Thursday, June 20, 2013

in which I try not to draw pithy conclusions too quickly

The wind throws its invisible self through space and time, tumbling anything light and loose, buffeting the leaves and grasses. The leaves and grasses, themselves, are lush and tall and green from days and days of rain; their shimmering lifefulness illuminates even more vividly the wind's power to bend.

The trees are not yet breaking. 

I sit typing at a window in a small room that waits, as I wait, for the arrival of a tiny baby. Really, it is a guest room and study--for months the baby will room with us, and this little space will house the precious people who will come long distances to greet our child and care for us. It also holds my writing desk, a fitting layering of the life that builds itself up around me, writer and scholar and welcomer and mother. How I long to do all these things well. How I long to live well in the tensions between the various directions my love must aim itself. 

For this very present moment, my love aims itself at a tall, thin tree outside the window. Weeks ago it flowered, but now it is only leafy, with what look from a distance like small stems of tiny green berries. The leaves are both green and mauve (is this healthy?) ... I do not know what sort of tree it is. I know that it is young but tall, thin like an adolescent who has shot up without filling out, pants suddenly six inches too short. 

I want to go outside and wrap this tree in a protective hug.

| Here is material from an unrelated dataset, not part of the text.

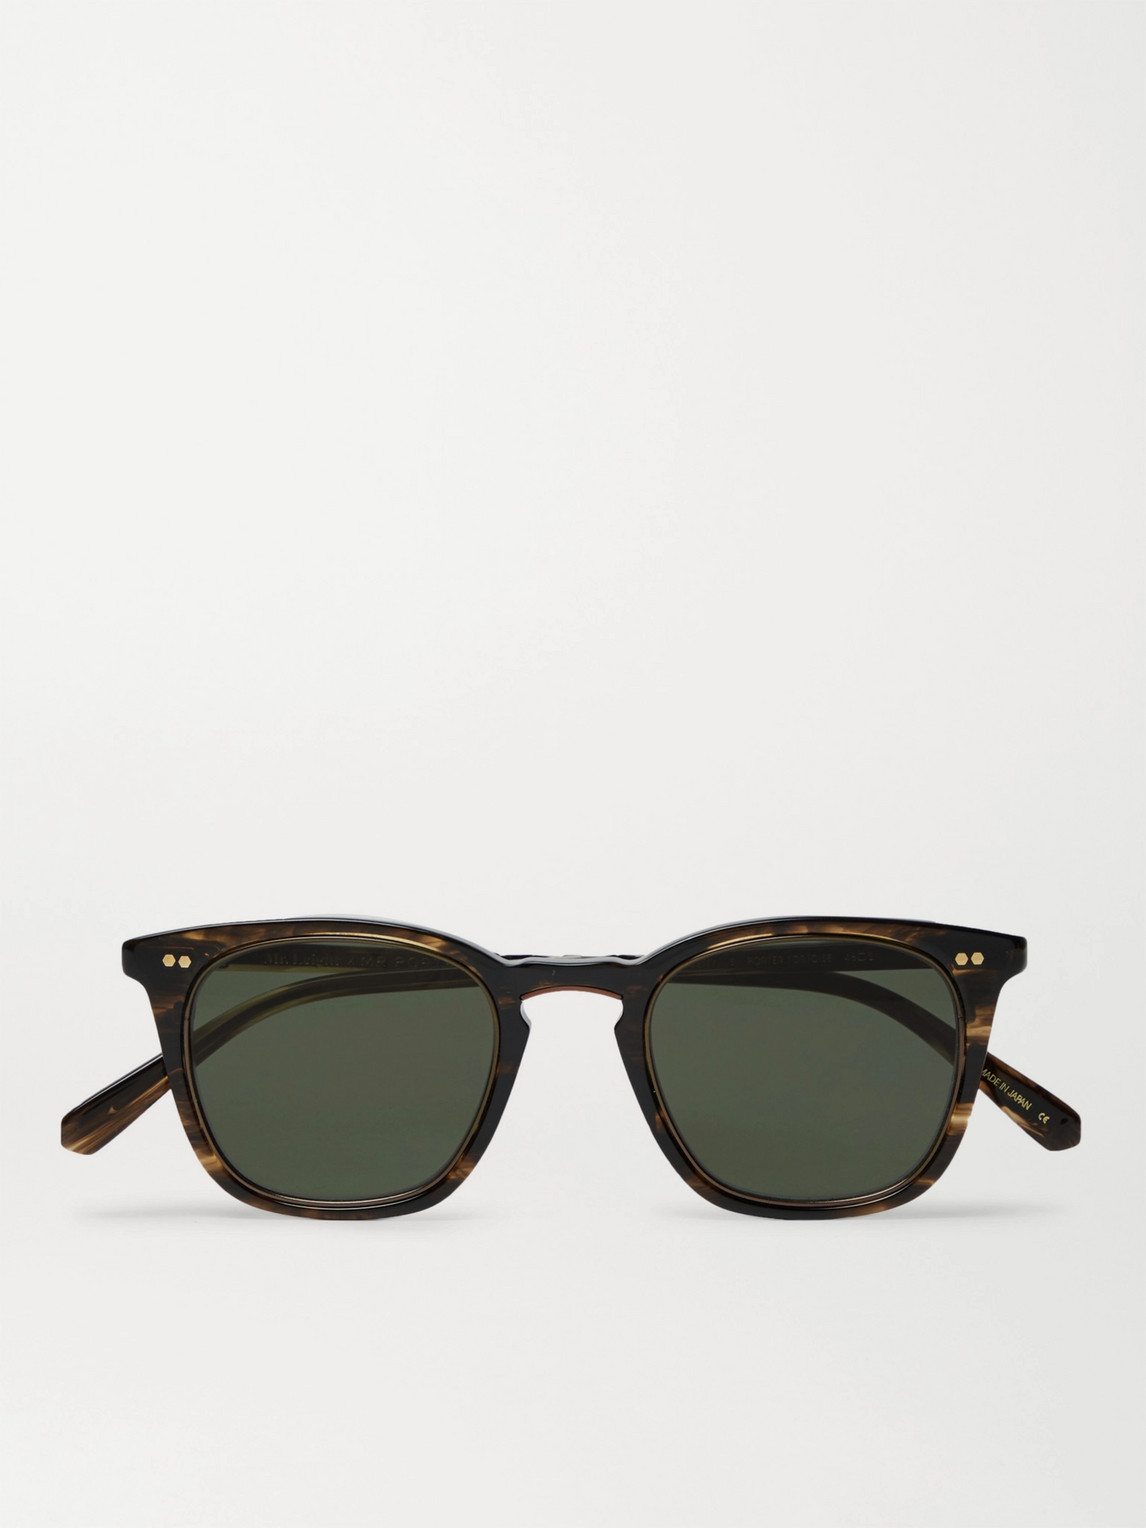 Mr Leight Getty S Square-frame Tortoiseshell Acetate Sunglasses
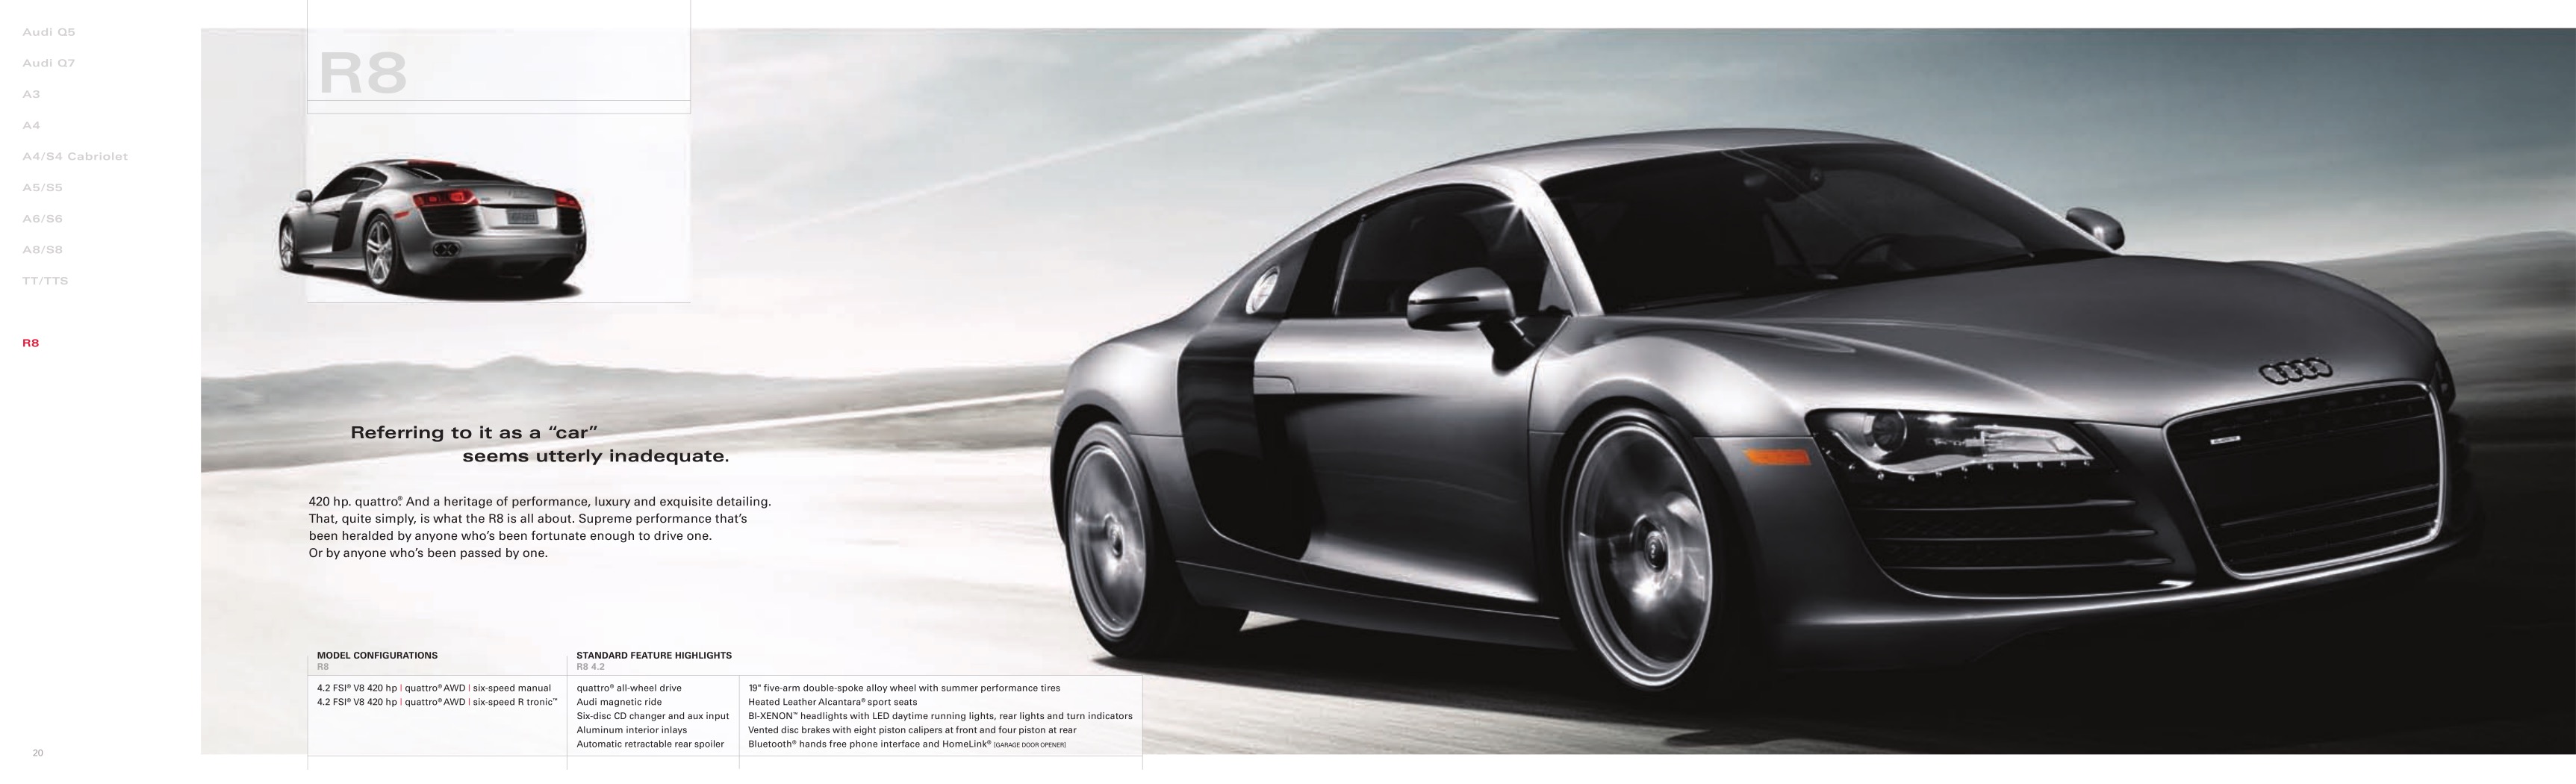 2009 Audi Brochure Page 16

I want to sink a strong stake into the ground beside it and tie the tree to that stronger wind-resister. At points the tree bends over nearly forty-five degrees in the brutal gusts. It doesn't seem even to try to resist, just gives its skinny self over to the invisible force that pushes it. 

But this windy prairie place is where the tree lives. (It is where I live.) The scrappy adult trees I see further beyond are a reminder that to grow strong in this place, to grow well, one must learn to bend with the wind, learn to bow to it and then return to an upright stance. If the young tree can withstand this whipping, it will grow and withstand the next. 

The lesson is plain and not unfamiliar. It is just particularly concrete today, mere meters from my eyes. Oh, to be such a tree.